Mohammed Lemkami, ex-officier du MALG : «Le scoutisme a été notre école du patriotisme»

Mohammed Lemkami, ex-officier du MALG : «Le scoutisme a été notre école du patriotisme»

Pour commémorer le 60e anniversaire du 1er Novembre 1954, Mohammed Lemkami, ex-officier du MALG et auteur de deux ouvrages où il témoigne de l’épopée révolutionnaire anticoloniale, a bien voulu répondre à nos questions.

Mohamed Lemkami, quel a été votre premier contact avec le mouvement national algérien ?

C’est en 1947, alors que je n’étais qu’un pré adolescent de 15 ans, que j’ai découvert les premières expressions du patriotisme algérien grâce au scoutisme. J’étais, en effet, membre des SMA, les scouts musulmans d’Algérie, et nous nous sommes rendus en France pour le Jamboree (rassemblement international de scouts-NDLR).

C’est durant ces quelques jours passés dans la capitale française que je me suis retrouvé en train de défiler dans une rue de Paris brandissant le portrait de Messali Hadj tandis que celui qui allait devenir le Général Rahal, que Dieu ait son âme, tenait, lui, le drapeau algérien. A peine conscients de la portée de nos gestes, nous entonnions des chants patriotiques tels « Min’ Djibalina ».

Les scouts musulmans n’étaient-ils pas réprimés à l’époque pour leur patriotisme ?

Bien entendu que nous étions déjà catalogués comme nationalistes ! J’en ai fait l’expérience auprès de l’administrateur de la commune mixte de Maghnia , un certain Vivaleks, qui me reprocha d’appartenir au PPA de Messali lorsque je lui demandai une bourse d’étude après avoir obtenu mon concours d’entrée en sixième en 1947. J’ai eu beau lui répondre, à plusieurs reprises, que j’étais membres de la SSEPM, une association sportive de Maghnia, dans laquelle évoluait Ahmed Ben Bella, mais l’administrateur colonial s’en tenait à ses accusations sur mon patriotisme subversif. La bourse me fut refusée. 

Cela s’est passé à la veille du déclenchement de la Révolution, comment avez-vous vécu le 1er novembre 1954 ?
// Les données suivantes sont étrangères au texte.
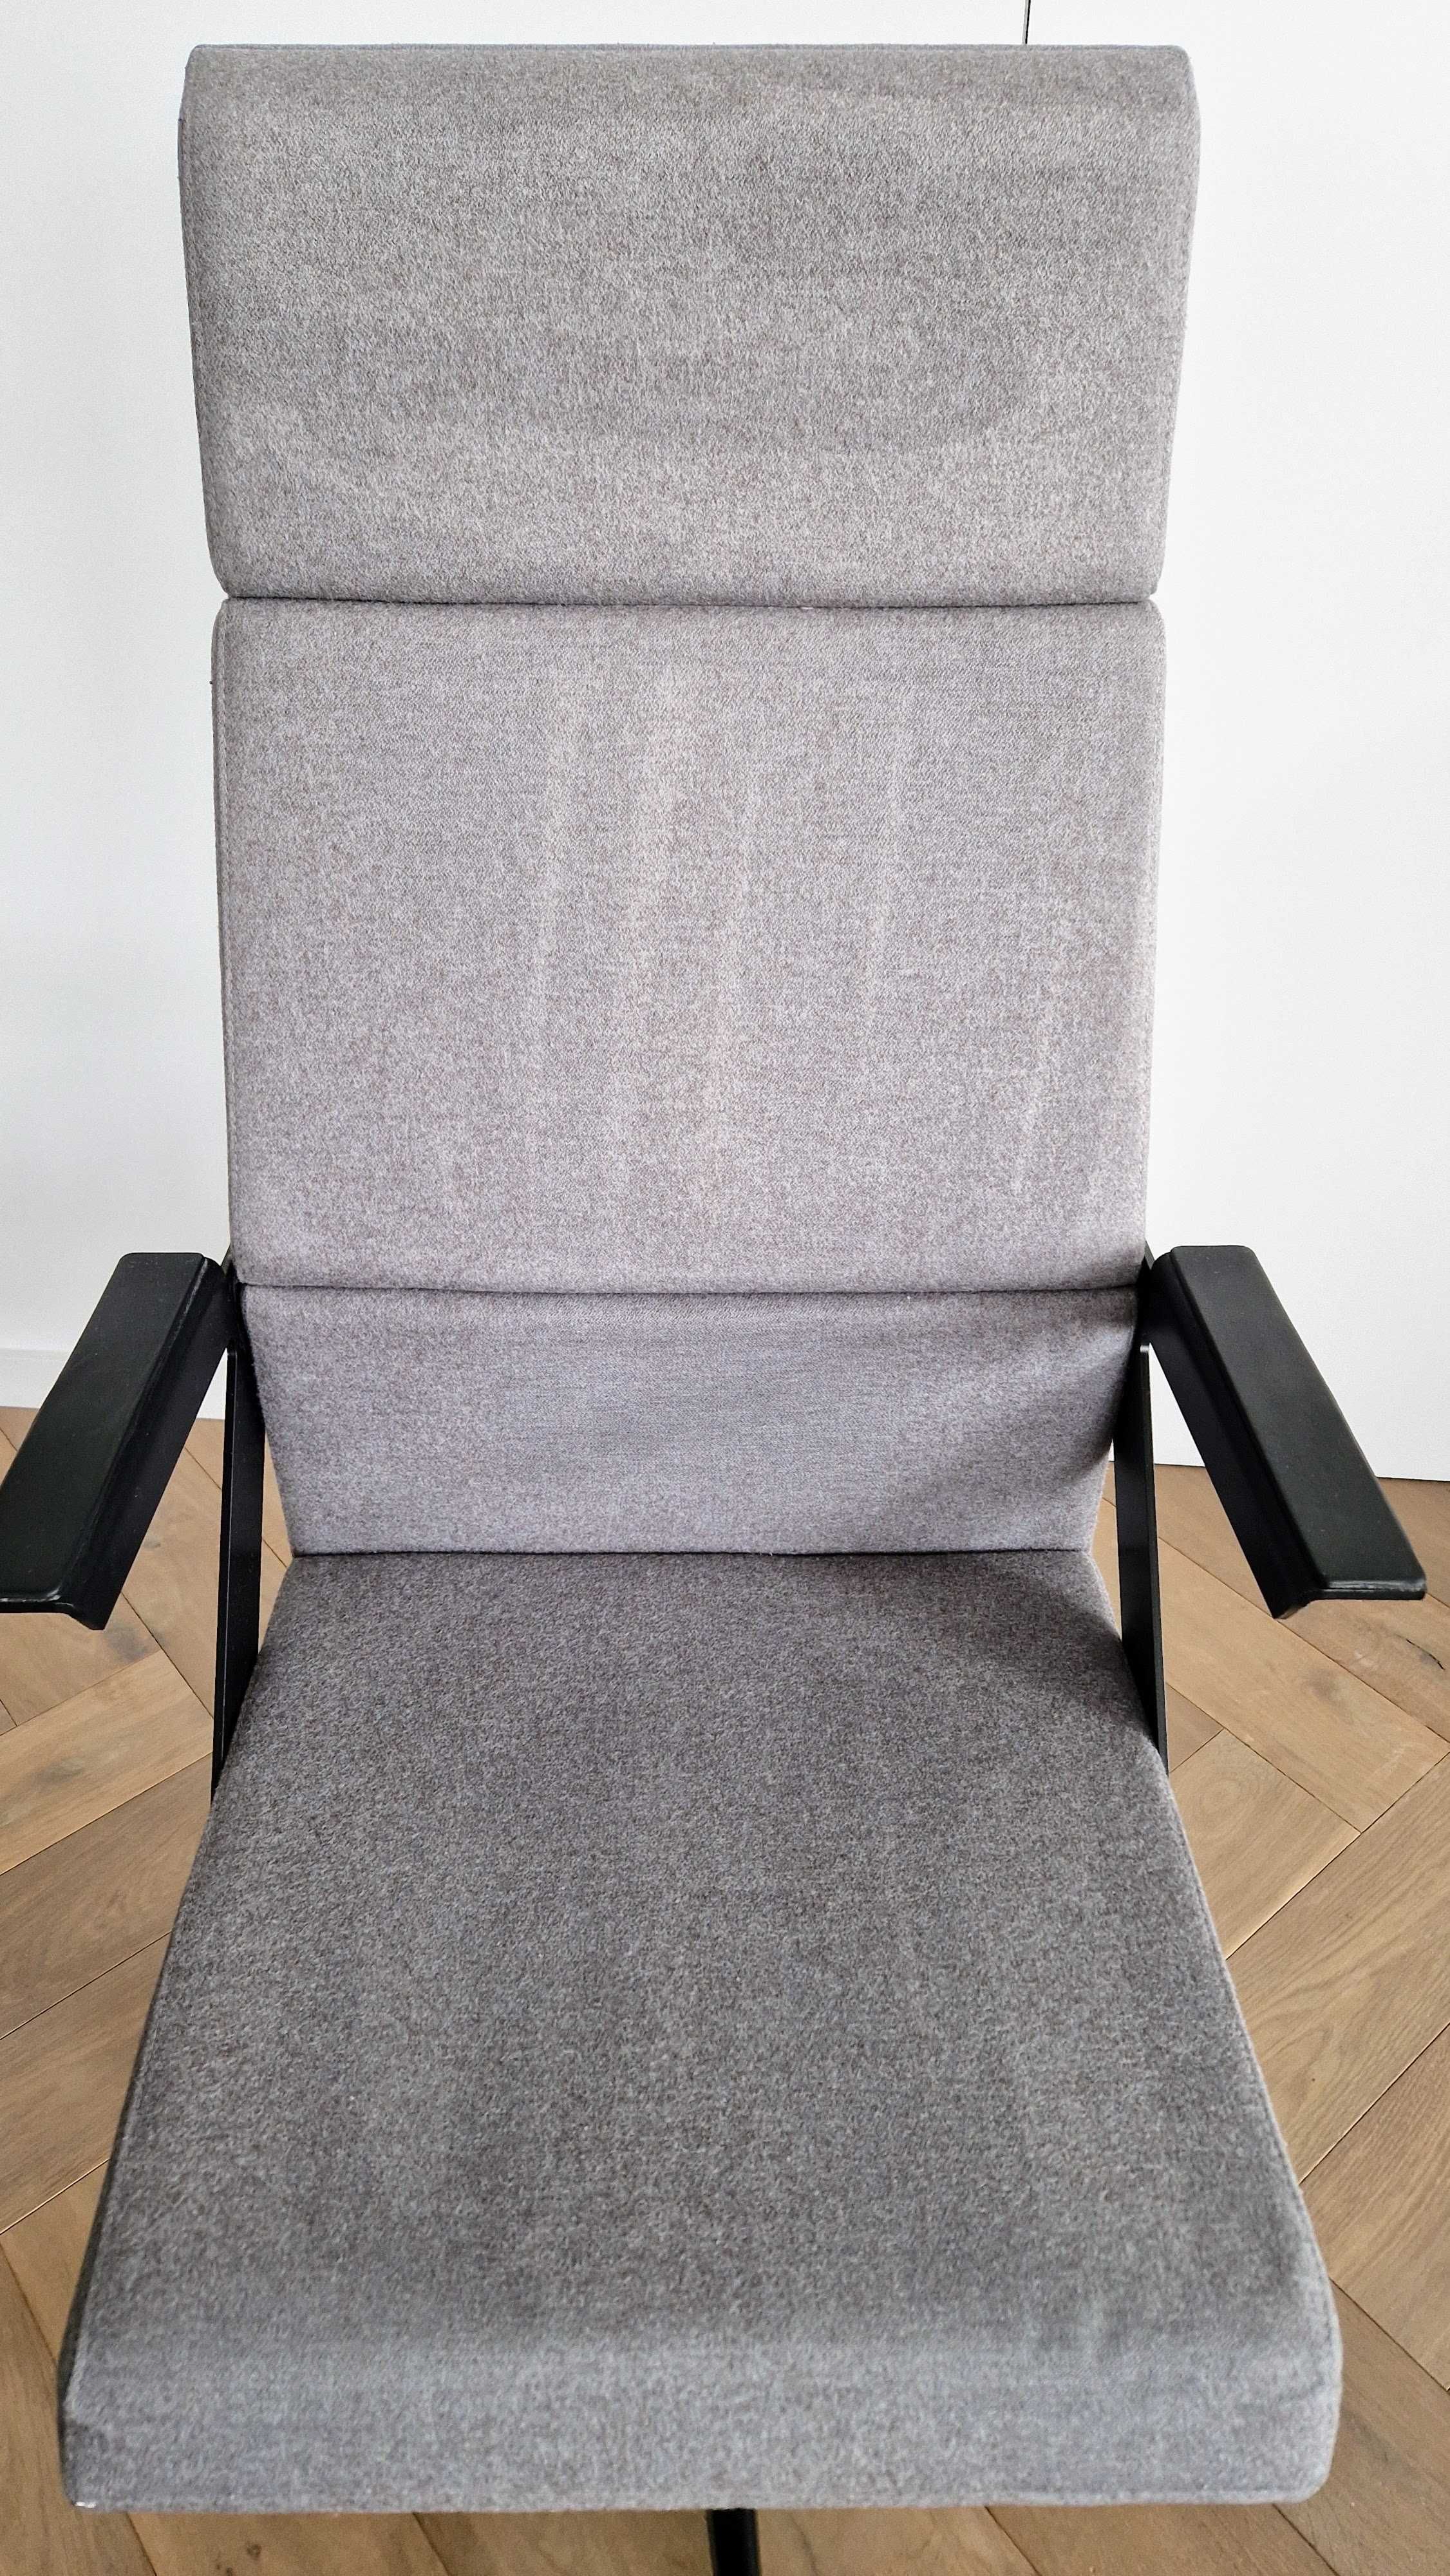 Prestiżowy fotel obrotowy marki VANK - wysokie oparcie, model Fil

Ayant obtenu mon bac au mois de juin 1954, en septembre de la même année j’avais opté pour un poste d’instituteur dans mon village natal de Khemis situé en montagne, à 45 Km de Tlemcen. Dans notre douar enclavé, nous n’avions ni télévision ni radio et par conséquent je n’ai appris que le lendemain du 1 er novembre qu’une série d’attentats avait frappé le territoire algérien sous occupation française.

C’est par le premier car de transport de voyageurs qui est passé par notre village que j’ai pu obtenir le journal Echo d’Oran où j’ai pu lire ces informations. Il me faut signaler que nous avions été intrigués le matin du 2 novembre par des gendarmes et policiers français venus de Maghnia et qui se sont déplacés en compagnie du caïd, du garde-champêtre et de deux chefs de douars vers le mont qui surplombait notre village. L’alerte avait donc été donnée. 
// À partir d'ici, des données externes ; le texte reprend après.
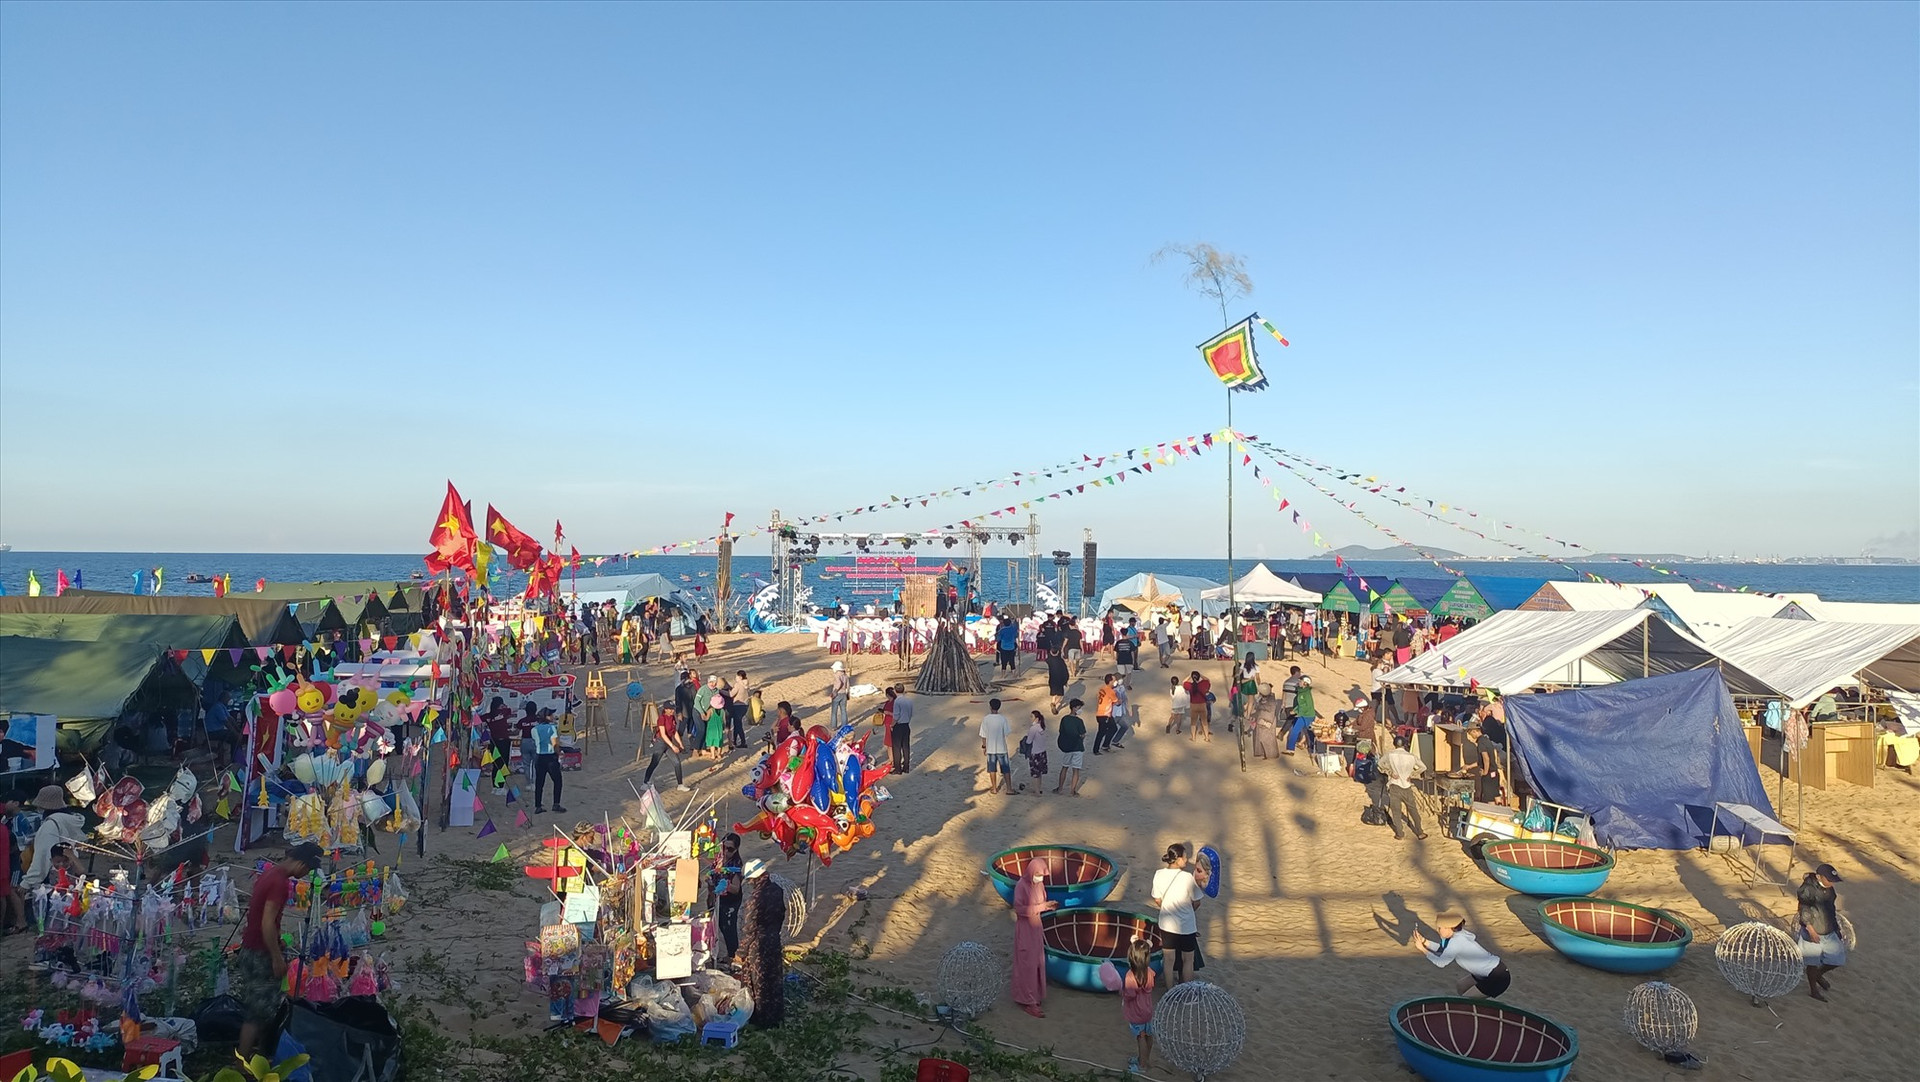 Đông đảo người dân đến tham gia Ngày hội và cổ vũ cho các vận động viên thi đấu giải bóng chuyền, kéo co nam nữ tại biển Rạng. Ảnh: N.Q

Les Moudjahiddines ne vous ont pas contacté tout de suite ?

Si ! Mais tout s’est fait avec une extrême prudence et une discrétion extraordinaire. J’ai été approché plusieurs fois par des membres de l’ALN sans que je ne sache quoi que ce soit de leur appartenance. Par exemple, alors que j’hébergeais dans un appartement de l’école un receveur des impôts qui venait une fois l’année racler les poches et les économies des pauvres gens de notre douar, les gars de l’ALN me pressaient de questions au sujet de sa sacoche. Ils voulaient que je leur dise où le percepteur des impôts cachait son butin. Je ne le savais pas mais je leur indiquais quand même la fenêtre comme accès possible à la chambre du fonctionnaire des contributions. 

Quelques temps après, alors que j’avais été muté sous l’influence de l’ALN vers la bourgade frontalière dite « Zoudj Bghal » où je devais servir la Révolution, j’appris qu’ils avaient réussi à dérober 7 millions de centimes au receveur des Impôts. Ce dernier a réapparu le lendemain, le visage et les habits noirs de suie. Il s’était caché dans la cheminée, mort de peur, pour se réfugier ensuite chez le caïd. C’était la méthode et le génie des militants actifs que d’associer de nouvelles recrues dans la discrétion la plus totale et sans les exposer trop brutalement à la répression des autorités françaises.

Vous n’étiez donc plus l’instituteur tranquille de Khemis…
Naturellement, je n’ai pas hésité à m’impliquer dans la lutte armée contre le colonialisme. 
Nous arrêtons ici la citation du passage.